Is he a bad author? No. He’s an excellent writer, and as evidence I’d submit that the visceral reaction I felt to the incest, depravity, the killing off of the Starks, and the betrayal and futility of all that is virtuous in the quest for “realistic” (and hitting instead unceasingly grim) is a mark of the impact his writing had. Ditto how the Tuf stories, and the SandKings are so vividly recalled after all these years.
But his stories are hollow, lacking in true joy or light.
Take Stephen King.

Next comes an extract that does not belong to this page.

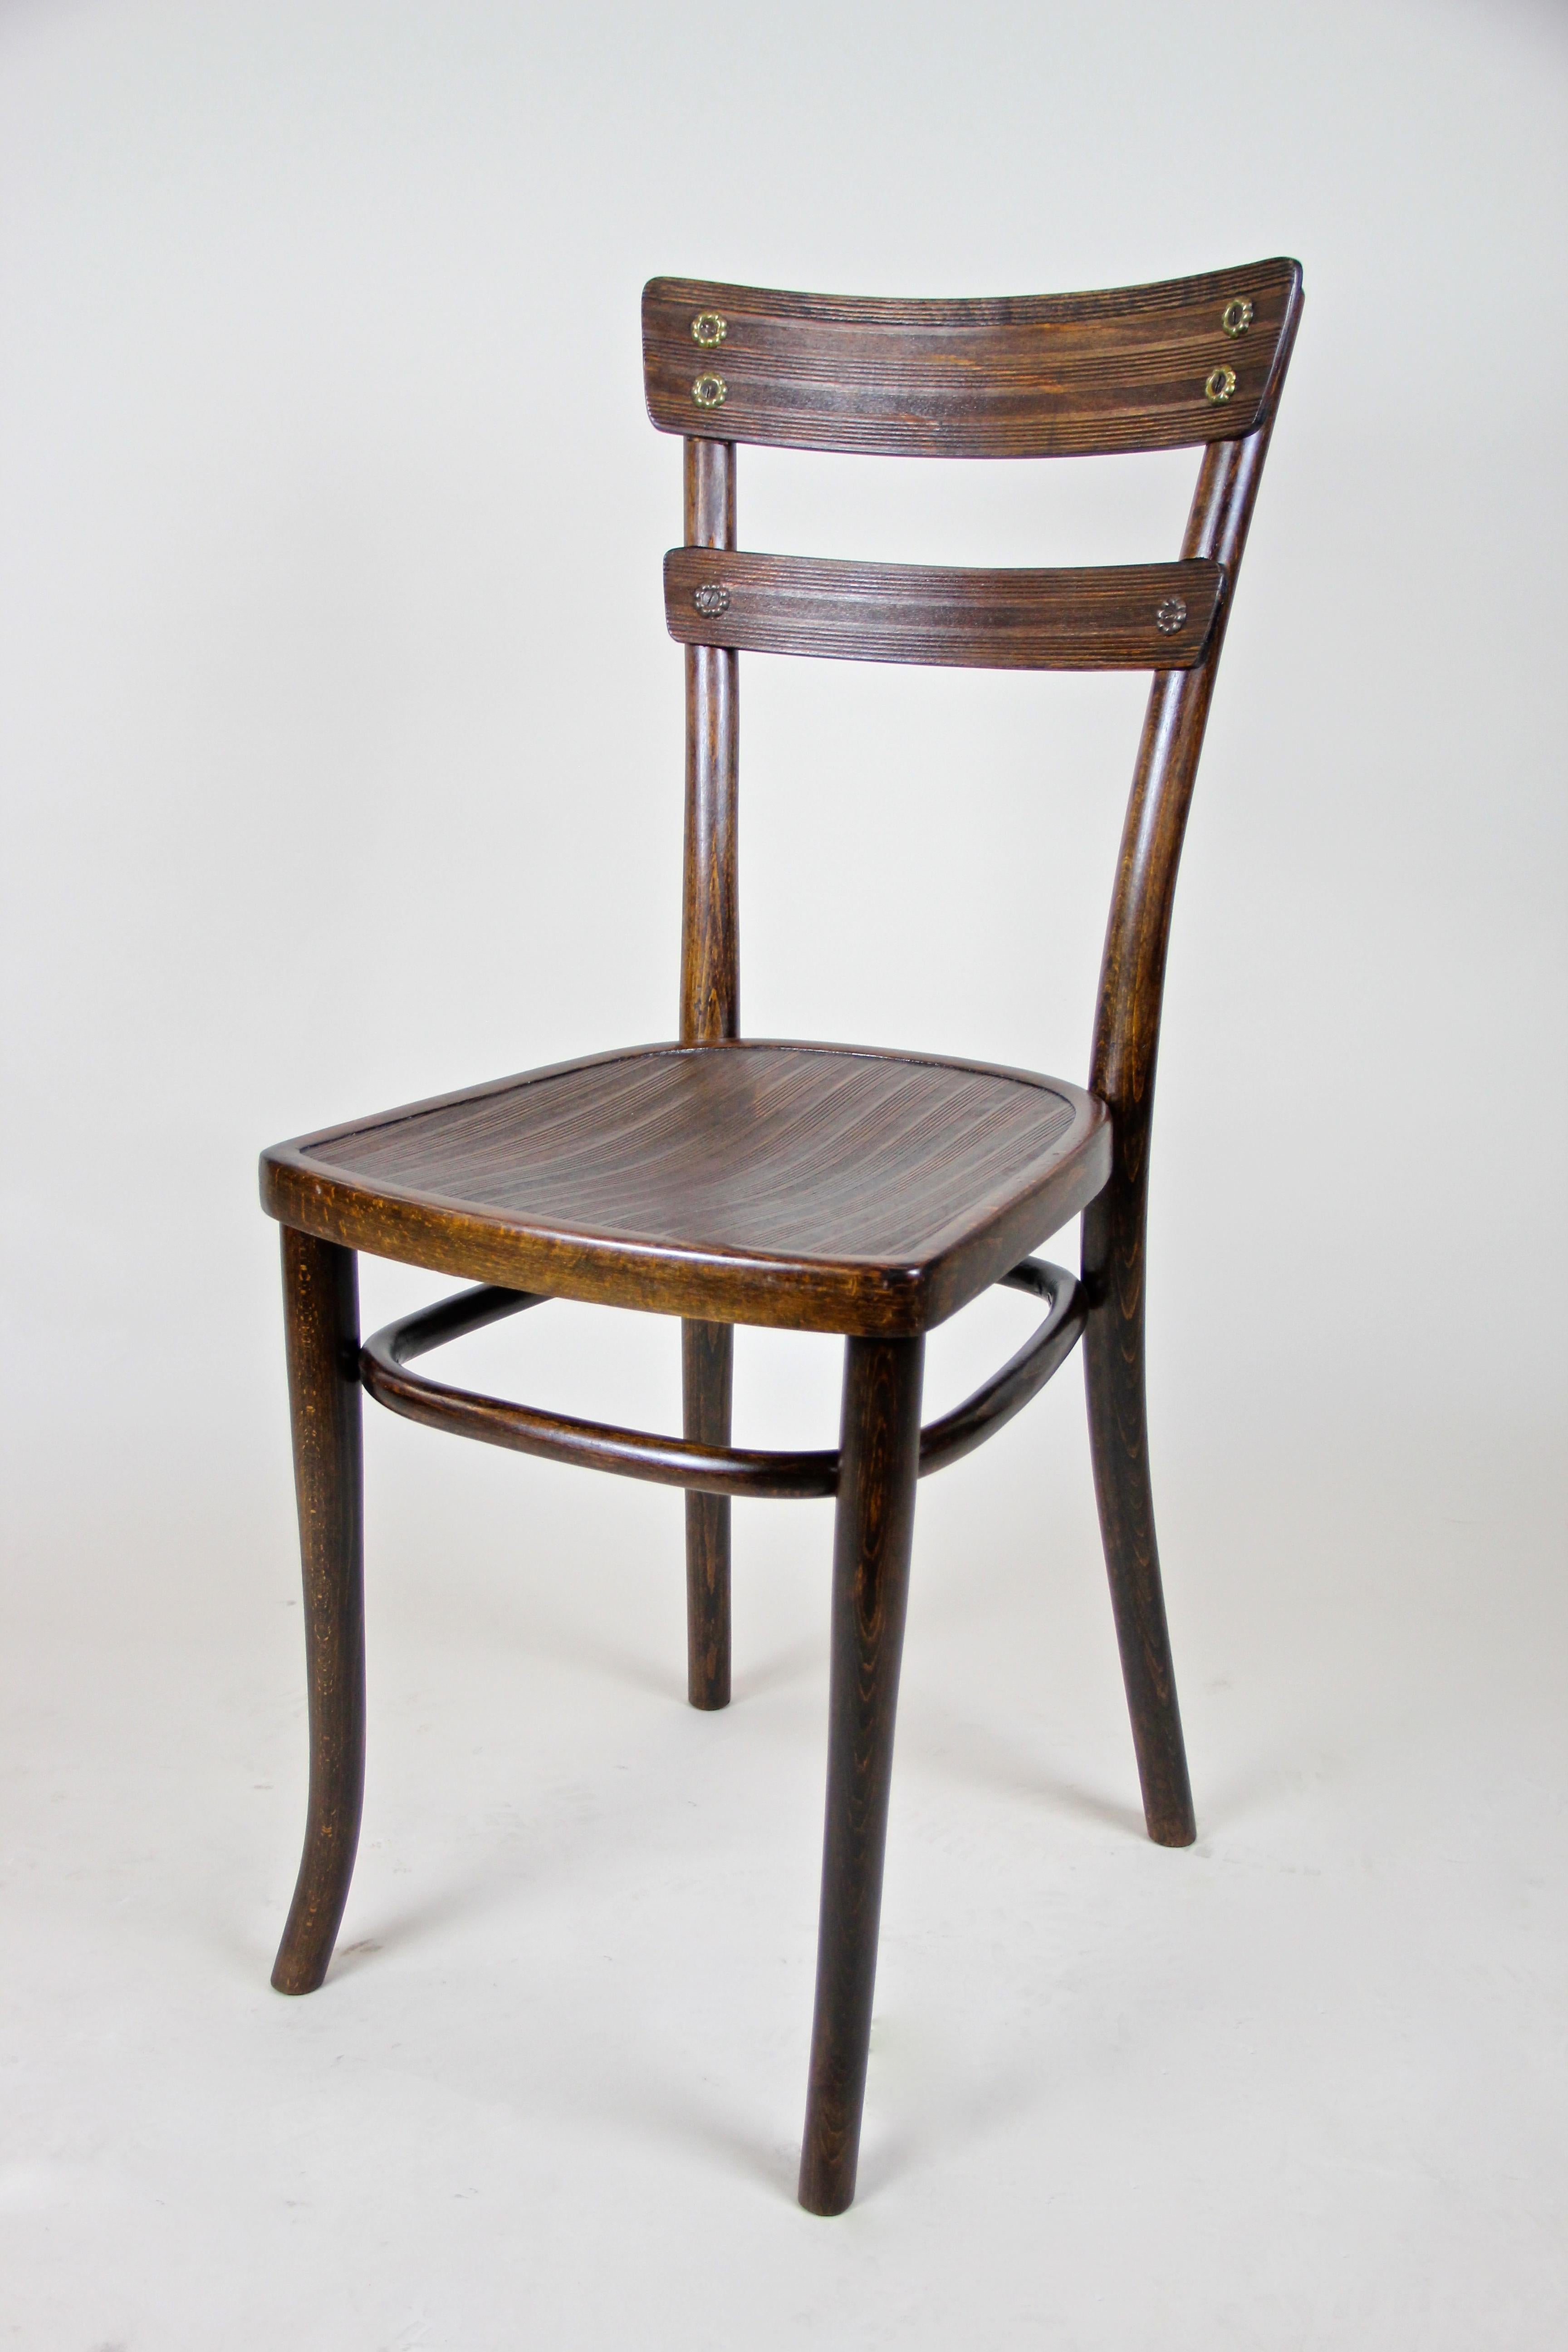 Charmant ensemble de trois chaises Thonet Art Nouveau du début du 20ème siècle en Autriche. Ces chaises en bois courbé, minces et élégantes, ont été produites à Vienne par la célèbre société Thonet vers 1905 et présentent de très beaux détails comme

I’ve read It, *The Stand, The Long Walk, The Running Man, Dreamcatcher, Cycle of the Werewolf, Eyes of the Dragon, *and the Gunslinger books through Wizard In Glass. I’d also seen *Misery. *Over time, several overarching themes became apparent – King’s disgust with people, with civilization in the fore among them. In the Stand, like any good horror story, at the end, the horror was civilization itself and all the trappings built up, and the town of “good” survivors had started becoming a bunch of controlling busybodies. The sense of decay, especially in Roland’s background, is palpable. The mundane horror of The Long Walk still palpably haunts my memories. He’s celebrated for bringing out the horror and evil in people and the mundane rather than overtly supernatural things – and after a while one gets the sense that not only is it inevitable that some people are evil, but that most are helpless. Add to that increasingly shallow “good” and “bad” (conservative, of course) characters as portrayed in “Under the Dome”, and no, I no longer read him.
Compare this to Dean Koontz, who often explores the darkness in people, but also has the theme of virtue, nobility, and without making it a pointless game for chumps. In Watchers there is both the “evil” monster, born of meddling in things man was not meant to know, but also the dog. The moonlight bay series also explored many of these issues – technology being something that enabled people to be more – more good, or more evil – and civilization being overall a force for good.
So King is again, an excellent writer, who passes off toxic sludge for stories.
In the *Walking Dead, *the creator openly opines that it isn’t just about the drama of good and bad people in a horrible situation, but that it’s about how even compared to the monsters, we are the real horrors.
What about games?
I’ll leave the controversy over triple-A titles aside, and look aside, at the stuff recommended on, for example, the iOS app store. I’ll also focus on stuff that is at least well crafted rather than, say, *Depression Quest. *
Sure, a number of puzzlers, racing games, and traditional twitch games exist, but I’m also struck by the kudos I’d seen for apps like Monument Valley. it is, indeed, a beautifully executed puzzle game, with an interesting art style, yet in the end, it’s not a very deep one. The puzzles were noted by Polygon – the same guys who couldn’t play Doom as well as a noob – as being not very difficult, and there aren’t many of them. The “story” is not only shallow, but in true liberal fashion explicitly eschews conflict. From the developers app page:
AN ILLUSORY ADVENTURE OF IMPOSSIBLE ARCHITECTURE AND FORGIVENESS
In the end, it’s beautifully crafted, was worth the time spent playing through it for some clever puzzles, but did not have not much other substance, and little replay value.
But occasionally you’ll bump into another player on the same pilgrimage. You can only communicate with musical notes, but these sonic interactions feel reassuring, reminding you that you’re not alone. The identity of your companion is never revealed, either, but you feel a connection to this mysterious other player as you make your way through your journey.
And it also explicitly eschews competition or violence:
The multiplayer component of Journey was designed to facilitate cooperation between players without forcing it, and without allowing competition. It is intended to allow the players to feel a connection to other people through exploring with them, rather than talking to them or fighting them. The plan was “to create a game where people felt they are connected with each other, to show the positive side of humanity in them.”